→ **Exercise details**:
Please, without any pictures, transcribe the lines from the one holding "Particolare della scatola" to the end of the listing, both ends included.

** Raw data follows **

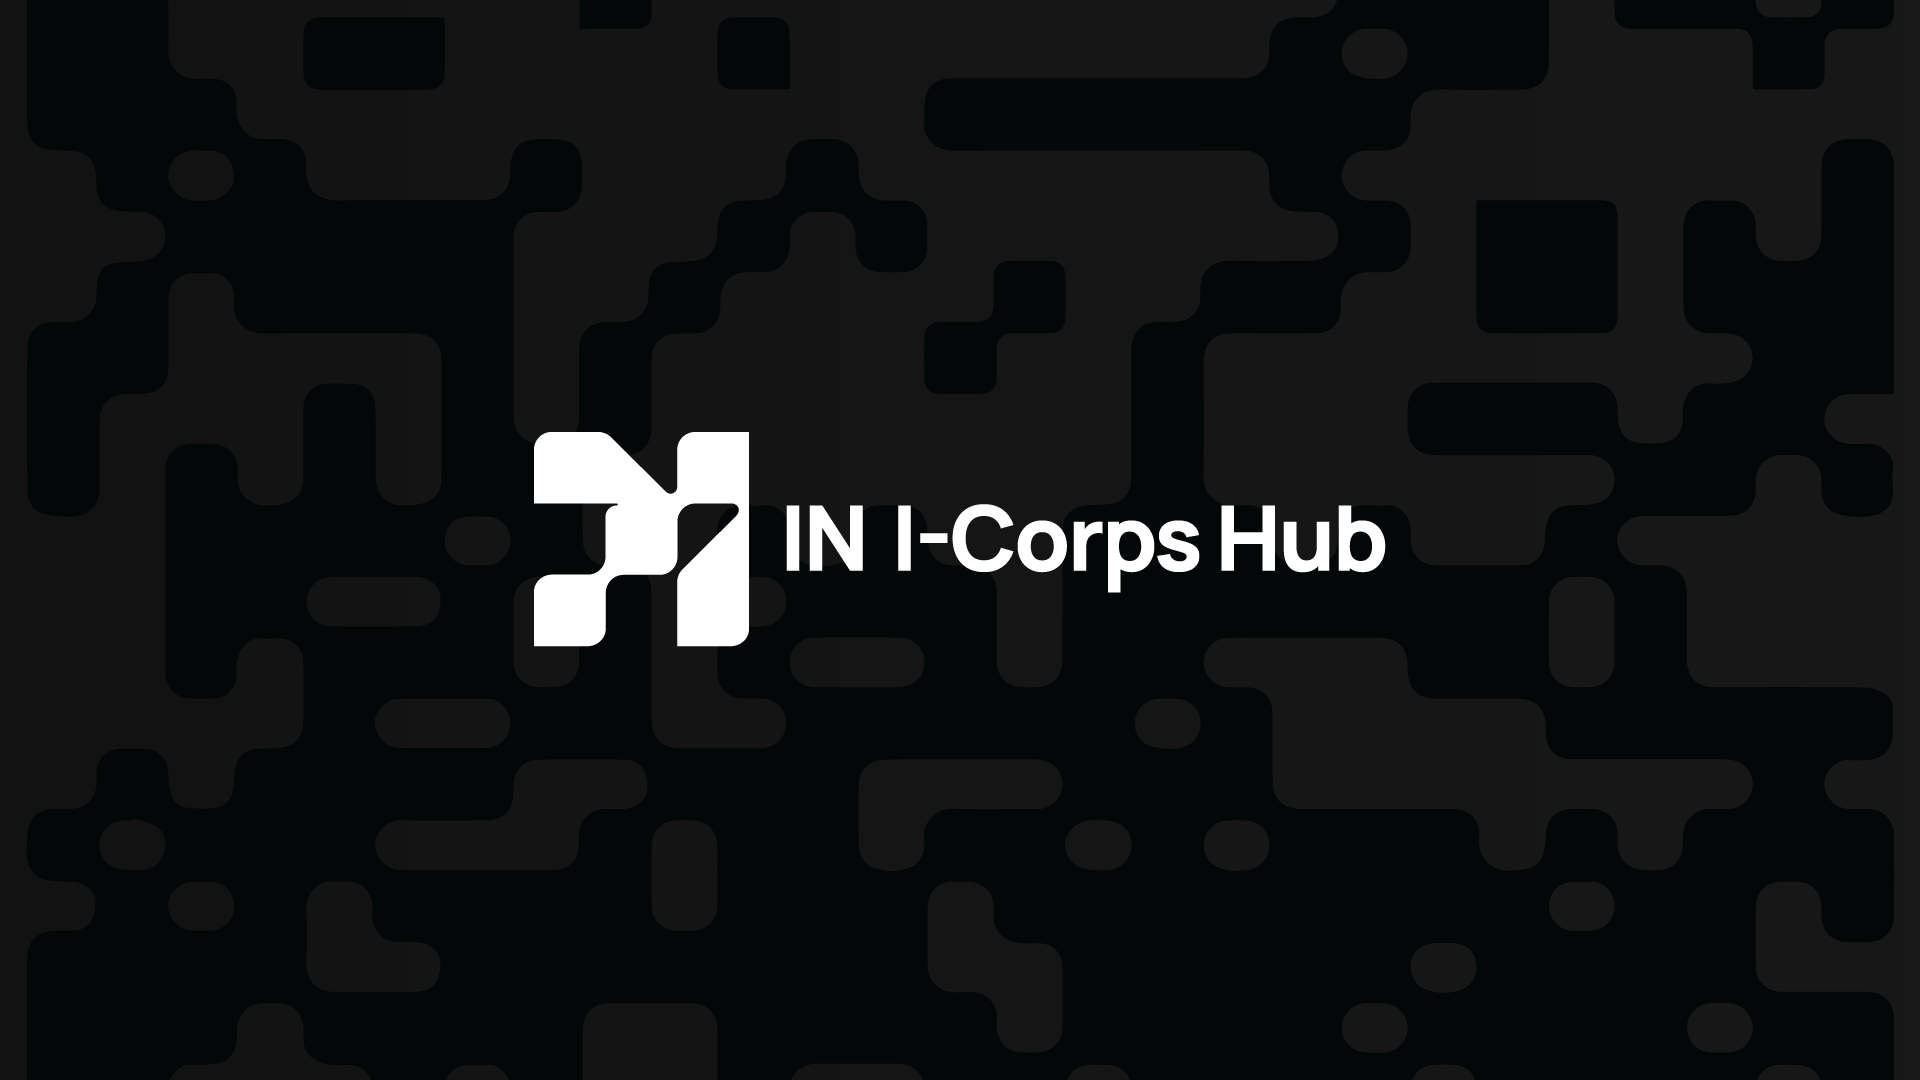 IN I-Corps Hub
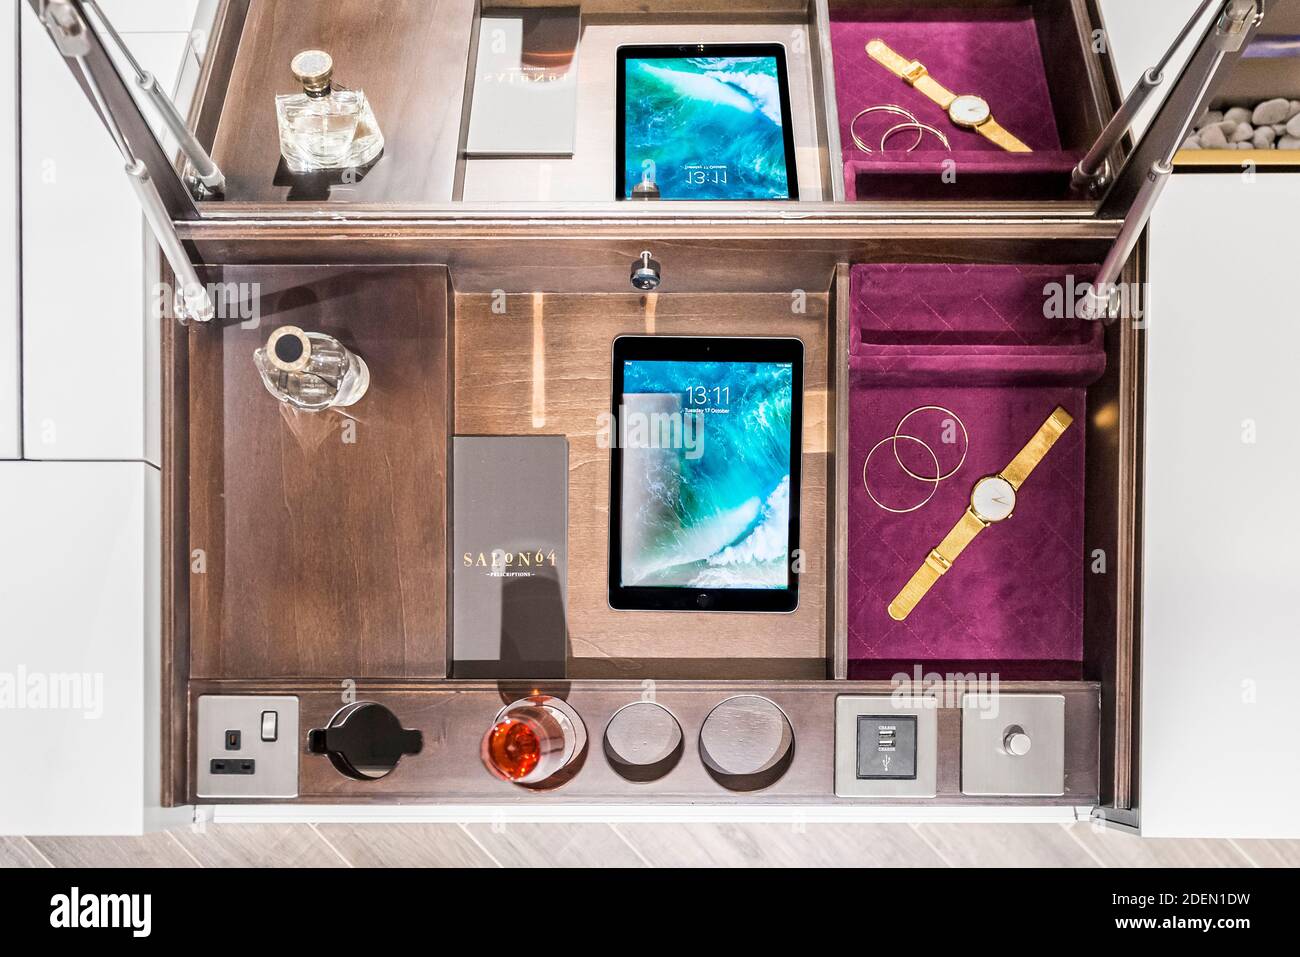 Particolare della scatola di gioielli su misura realizzata in Corian. Salon 64, Londra, Regno Unito. Architetto: Jak Studio, 2020. Foto Stock
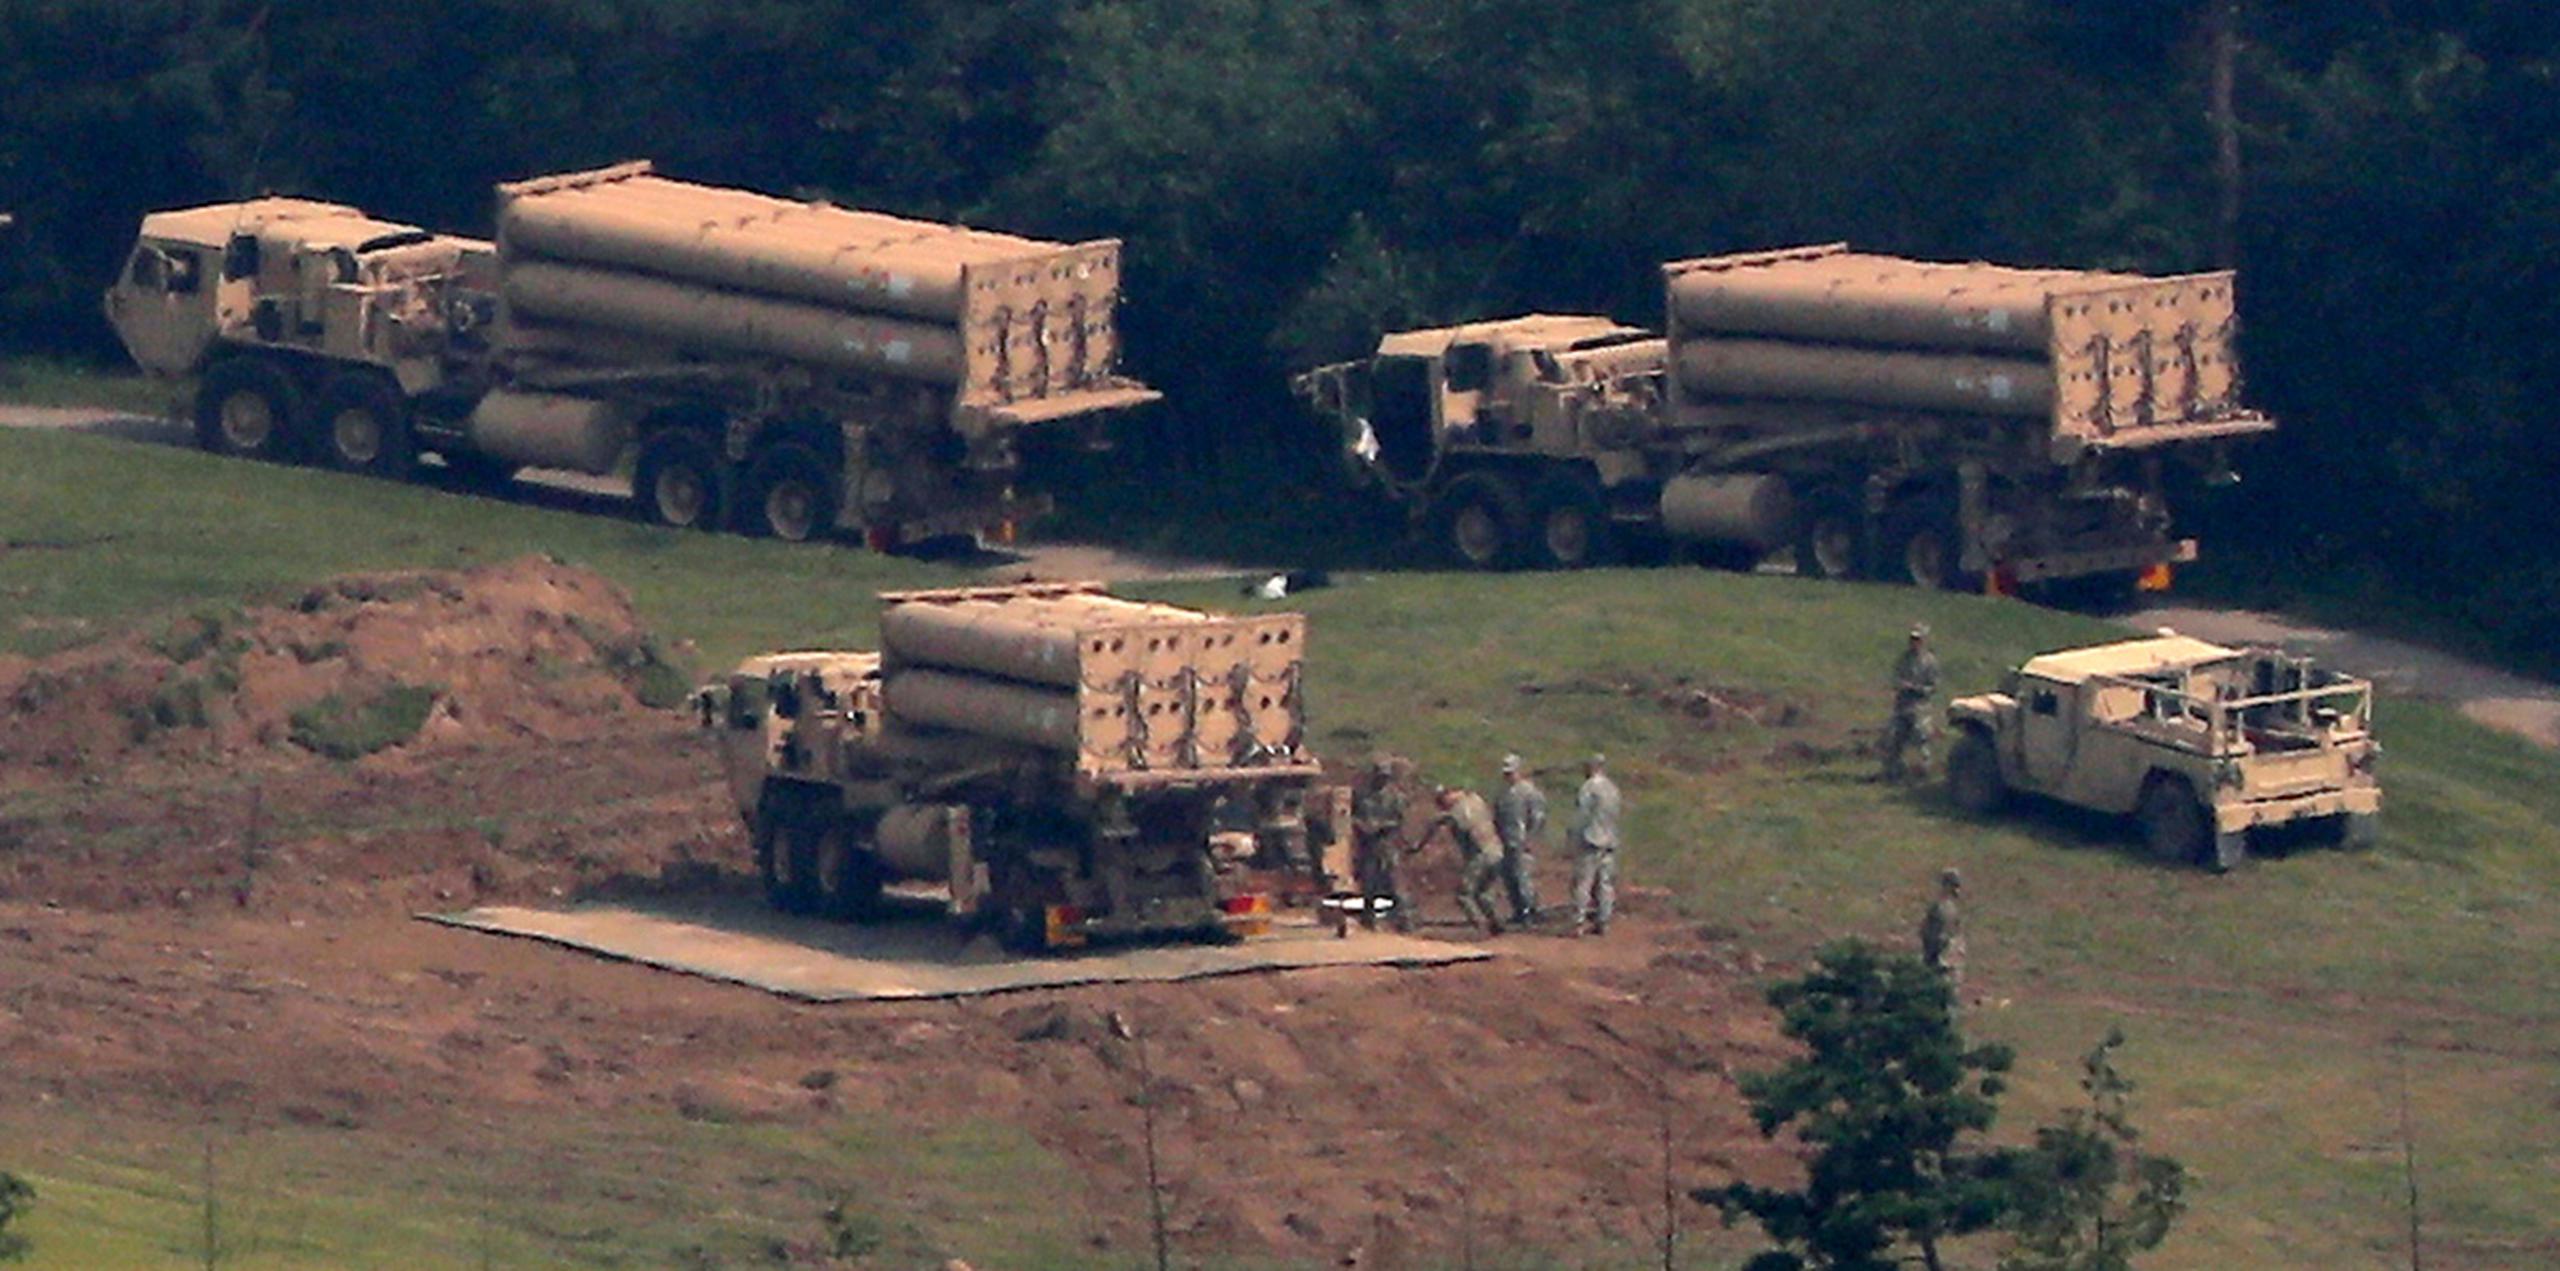 Un sistema antimisiles estadounidense, el Terminal High-Altitude Area Defense o THAAD, visto en un campo de golf en Seongju, Corea del Sur. (AP)
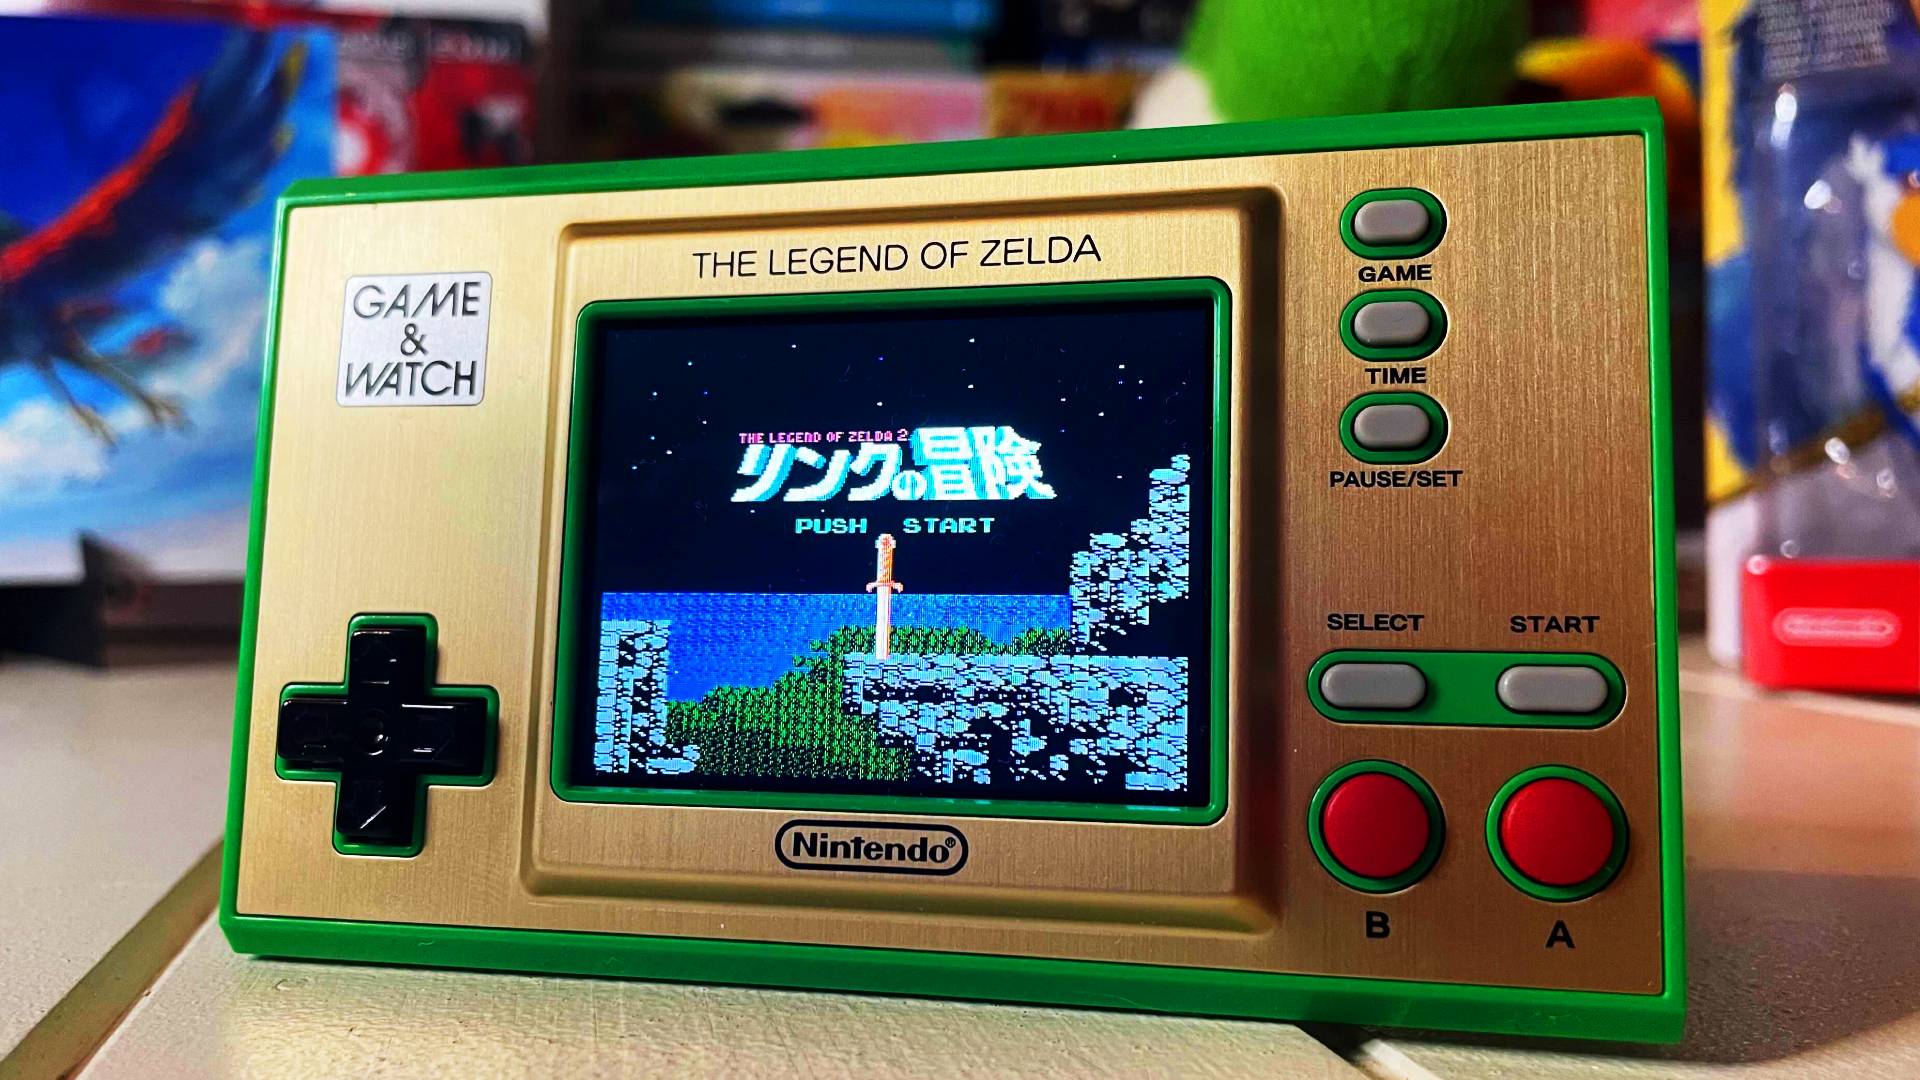 Game & Watch: The Legend of Zelda?, Nintendo NES Classic

** End of Raw data **

→ **Response to this task**:
 Particolare della scatola di gioielli su misura realizzata in Corian. Salon 64, Londra, Regno Unito. Architetto: Jak Studio, 2020. Foto Stock
 Un sistema antimisiles estadounidense, el Terminal High-Altitude Area Defense o THAAD, visto en un campo de golf en Seongju, Corea del Sur. (AP)
 Game & Watch: The Legend of Zelda?, Nintendo NES Classic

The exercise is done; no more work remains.